Presentation on theme: "Jane Eyre Socratic Seminar. The Bildungsroman Angle Compare and contrast Jane’s formal and informal education— what does each teach her? At what point(s)"— Presentation transcript:
Jane Eyre Socratic Seminar
The Bildungsroman Angle Compare and contrast Jane’s formal and informal education— what does each teach her? At what point(s) in the novel does Jane value learning for its own sake? In a recent adaptation of the novel for television, the story begins with Jane’s running to Rochester; the director did not seem to deem Chapters 1-11 necessary. How does our understanding of Jane’s childhood and child self contribute to our understanding of her as an adult?
Society and Class Where does Jane stand in the social hierarchy? Does she have social mobility that does not depend upon marriage with Mr. Rochester? Why does Bronte have Jane inherit money before she is reacquainted with Mr. Rochester? How do Jane’s attitudes towards poverty and the poor change over the course of the novel? Does religion factor into this attitude change?

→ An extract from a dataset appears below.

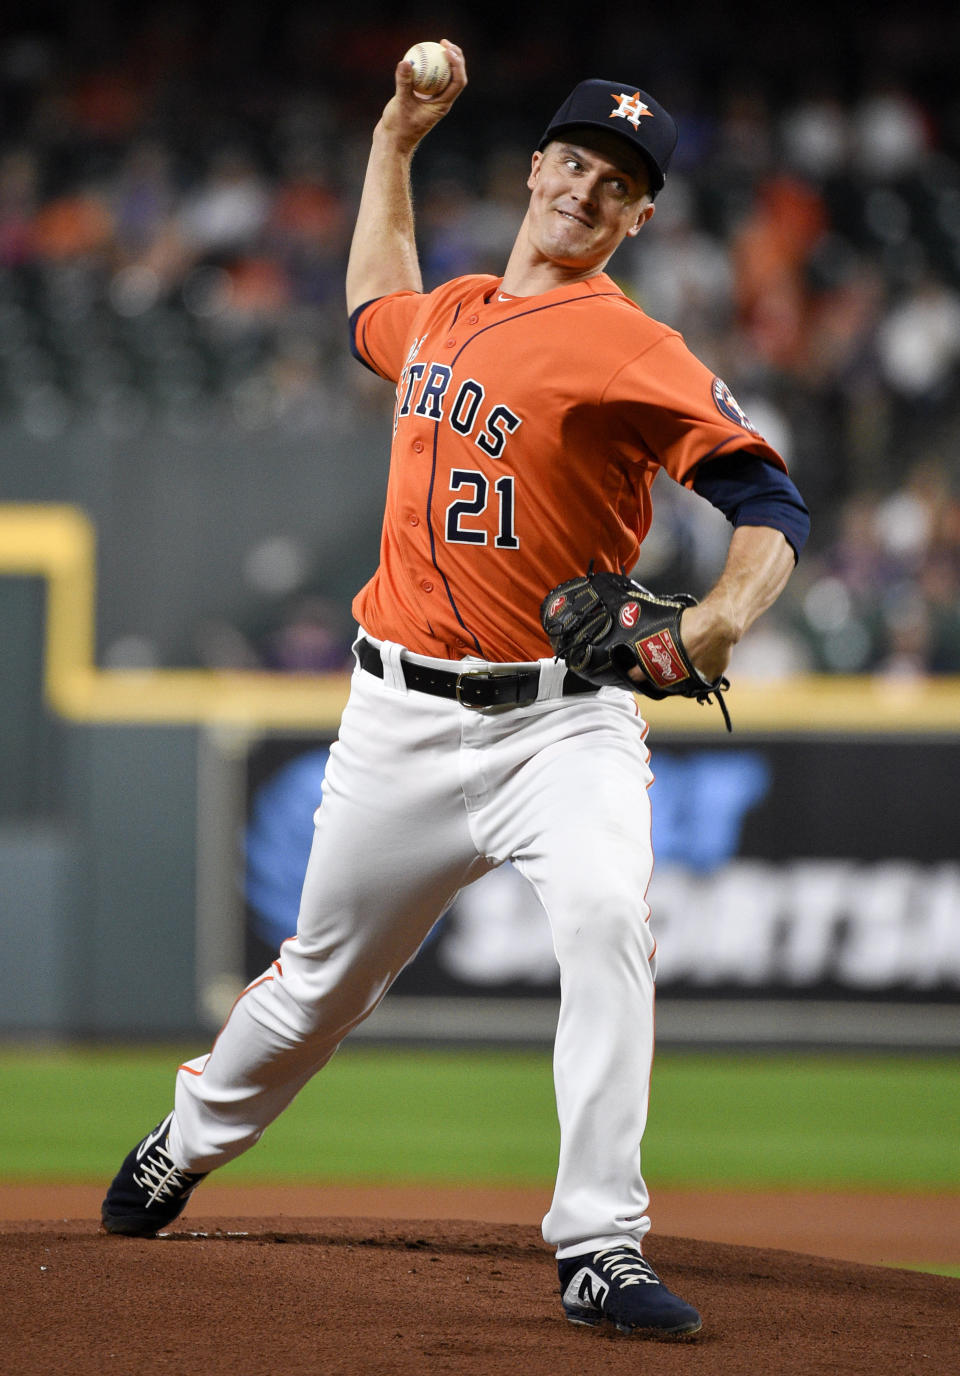 Houston Astros starting pitcher Zack Greinke delivers during the first inning of a baseball game against the Los Angeles Angels, Friday, Sept. 20, 2019, in Houston. (AP Photo/Eric Christian Smith)

Supernatural and Religion Why does Bronte explain away most of the novel’s seemingly supernatural elements? How does Bronte use religion to promote British nationalism? How does Bronte also use religion to promote the theme of hypocrisy?
Morality/Ethics Would you consider Mr. Rochester an immoral person or one who is overwhelmed with the misfortunes he has suffered? Once he find out the truth about Bertha, with whom do our sympathies lie? Does Jane learn her morality from Helen Burns, or does she have an innate sense of goodness that Helen merely cultivates?

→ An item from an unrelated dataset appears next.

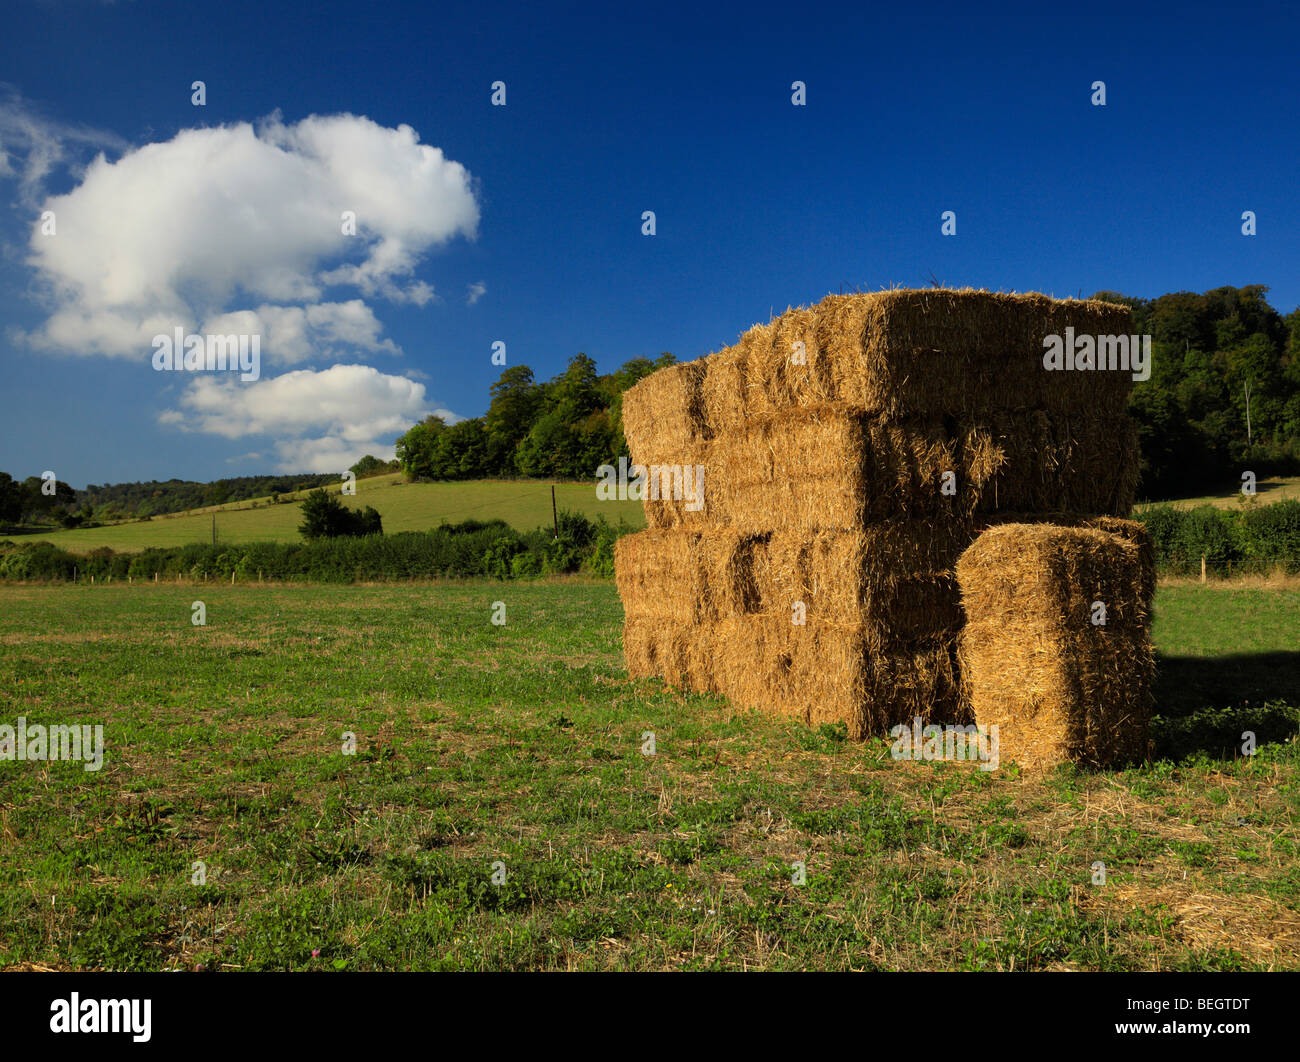 Stack of straw bales. Stock Photo

The Foreign Element What is the novel’s attitude toward each of these places? What do they and their stereotypes represent? How does Bronte use the notion of the “other” to promote British nationalism? To what extent are characters and/or situations in Jane Eyre affected, or created, by British imperialism and/or colonialism?
Miscellaneous Why is it necessary for Jane to be plain? How would the story lose some value (or would it?) if she were beautiful? Is Jane too extreme in her quest for independence? Doe Bronte succeed in creating an independent and assertive female protagonist?